The Horton Stream forms a valley in the west of Horton, in the Country Park. The east and south of Horton is higher owing to a ridge of land between the Horton Stream and the Green Lanes stream which is sourced at nearby Epsom Common. The area is in the low-lying London Clay geological region, just south of the North Downs chalk ridge of Epsom Downs and Headley. Further this stream connects to the Hogsmill River.

==Localities==

=== Horton Park Golf Club ===
Contains an 18-hole course, a Par 3 9 hole course, a driving range in addition to a crazy golf course which opened in 2014. Located in the north of Horton, contiguous with Horton Country Park.

===Hook Road Arena===
An area of enclosed green space located in the north of Horton. Hosts funfair events in addition to the annual firework and bonfire night. The Epsom Riding for the Disabled Association (RDA) horse riding charity is based adjacent to the arena.

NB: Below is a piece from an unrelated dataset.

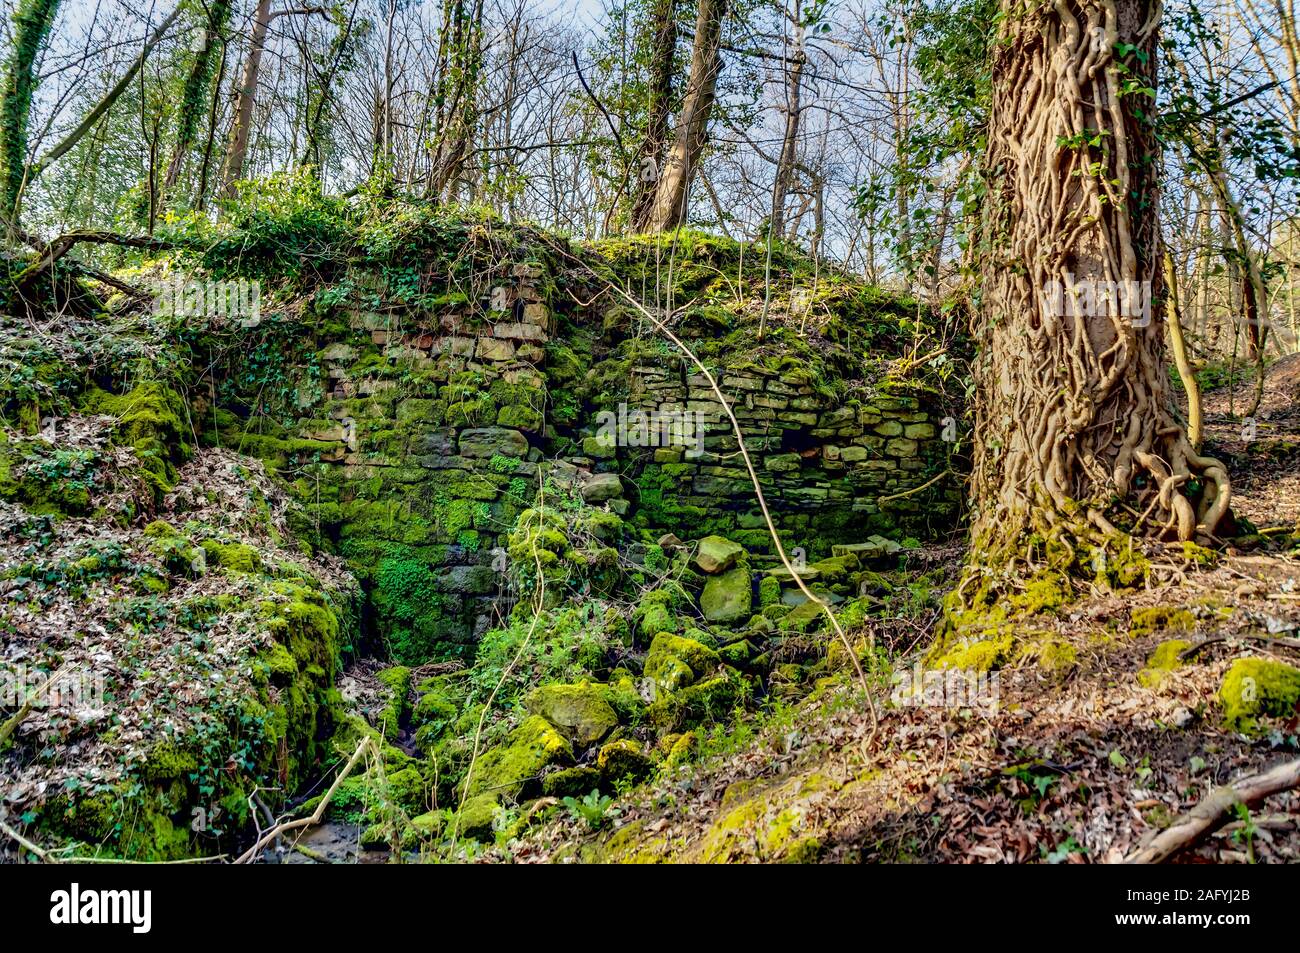 Remains of the old Ryecroft Mill dam at Ryecroft Glen, Ecclesall, Sheffield, previously used for lead smelting. The waterwheel pit and dam wall. Stock Photo

=== Horton Country Park ===

A 1.5 mile long area of open space just west of Horton Lane, with a large car park. A mixture of woodland and fields, containing some horses in the fields. Contains Epsom Polo Club. Adjacent to Epsom Common and Castle Hill Nature Reserve, Chessington.

=== Hobbledown ===
A children's adventure park and zoo, located just west of Horton Lane, adjacent to the David Lloyd Centre and Horton Country Park. Contains a soft play area. Formerly known as Horton Park Children's Farm.

===Long Grove Park===
An enclosed space located in the east of the area. Contains a playground and is adjacent to the residential area in the west of Epsom. The park is also continuous with open space beside Abbots Avenue.

==Surrounding Area==
The nearest towns to Horton is Epsom and Chessington, located 2 miles to the east and west. The residential area of West Ewell is contiguous with Horton.